Jack Oakie (born Lewis Delaney Offield; November 12, 1903 – January 23, 1978) was an American actor, starring mostly in films, but also working on stage, radio and television. He portrayed Napaloni in Chaplin's The Great Dictator (1940), receiving a nomination for the Academy Award for Best Supporting Actor.

Early life
Jack Oakie was born in Sedalia, Missouri, at 522 W. Seventh St. His father, James Madison Offield (1880–1939), was a grain dealer, and his mother, Evelyn Offield (nee Jump) (1868–1939), was a psychology teacher. When he was 5, the Offield family moved to Muskogee, Oklahoma, the source of his "Oakie" nickname. His adopted first name, Jack, was the name of the first character he played on stage. Young Lewis/Jack grew up mostly in Oklahoma but also lived for periods of time with his grandmother in Kansas City, Missouri. While there he attended Woodland Elementary and made spending money as a paperboy for The Kansas City Star. He recalled years later that he made especially good money selling "extras" in November 1916 during the presidential election campaign that resulted in Woodrow Wilson being re-elected.

Early career
Oakie worked as a runner on Wall Street and narrowly escaped being killed in the Wall Street bombing of September 16, 1920. While in New York, he also started appearing in amateur theatre as a mimic and a comedian, finally making his professional debut on Broadway in 1923 as a chorus boy in a production of Little Nellie Kelly by George M. Cohan.

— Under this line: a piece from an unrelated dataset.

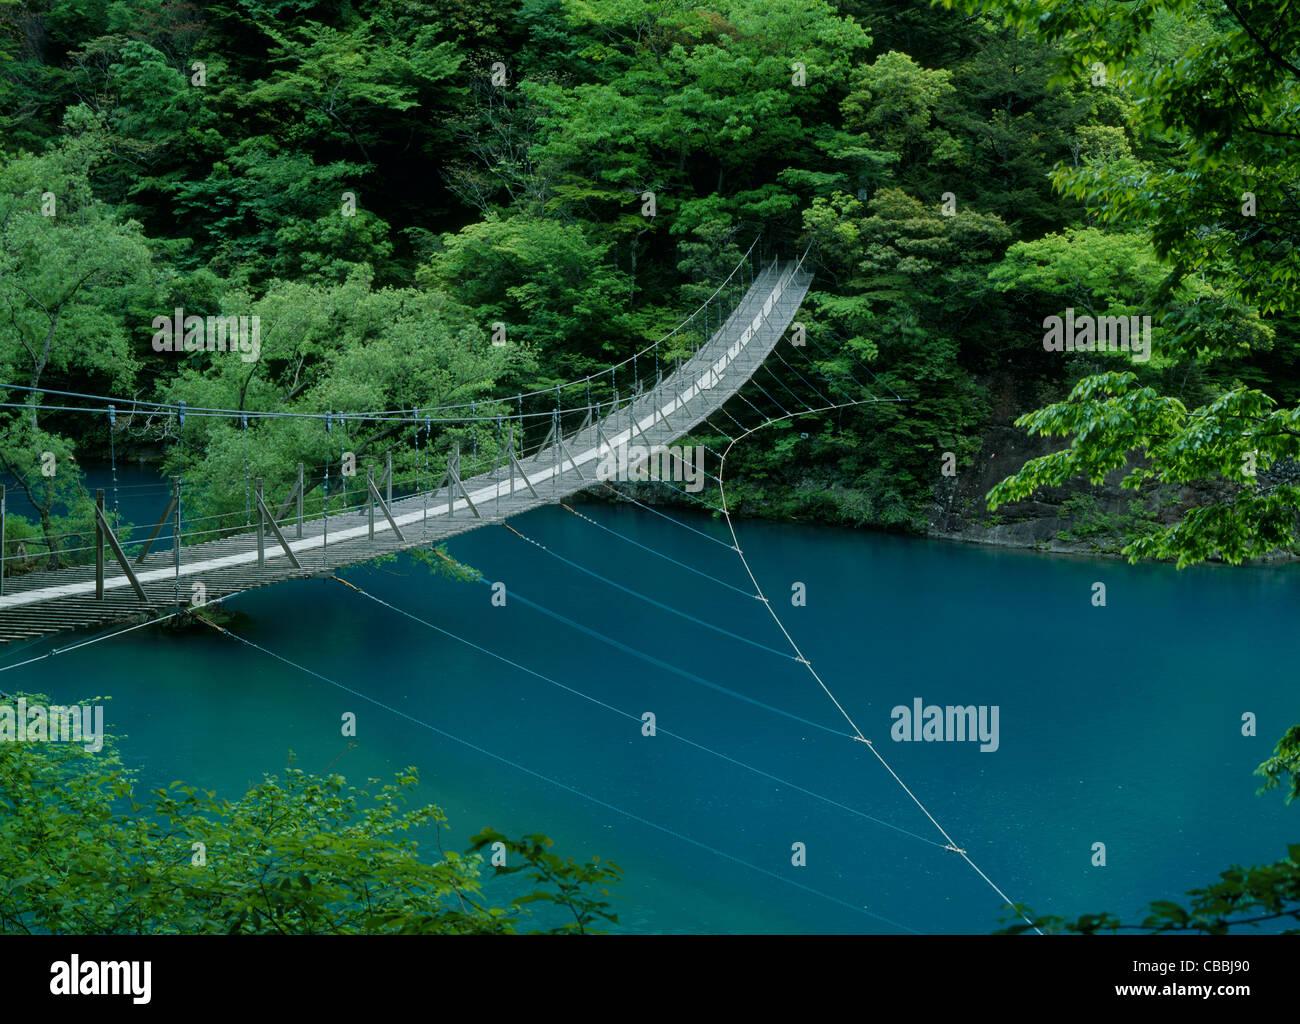 Sumata Gorge and Dream Suspension Bridge, Kawanehon, Shizuoka, Japan - Stock Image

Oakie worked in various musicals and comedies on Broadway from 1923 to 1927, when he moved to Hollywood to work in movies at the end of the silent film era. Oakie appeared in five silent films during 1927 and 1928. As the age of the "talkies" began, he signed with Paramount Pictures in 1927. He made his first talking film, The Dummy, in 1929.

Film career
When his contract with Paramount ended in 1934, Oakie decided to freelance. He was remarkably successful, appearing in 87 films, most made in the 1930s and 1940s. In the film Too Much Harmony (1933), the part of Oakie's on-screen mother was played by his real mother, Mary Evelyn Offield. During the 1930s, he was known as "The World's Oldest Freshman", as a result of appearing in numerous films with a collegiate theme. He was also known for refusing to wear screen make-up of any kind, and the frequent use of double-take in his comedy. Oakie was quoted as saying of his studio career: 

Oakie portrayed Benzino Napaloni, the boisterous dictator of Bacteria, in Charlie Chaplin's The Great Dictator (1940), for which he received an Oscar nomination for Best Supporting Actor. This role was a broad parody of the fascist dictator of Italy, Benito Mussolini, then in power.

Television and radio
Not being limited by a film studio contract, Oakie branched into radio and had his own radio show between 1936 and 1938.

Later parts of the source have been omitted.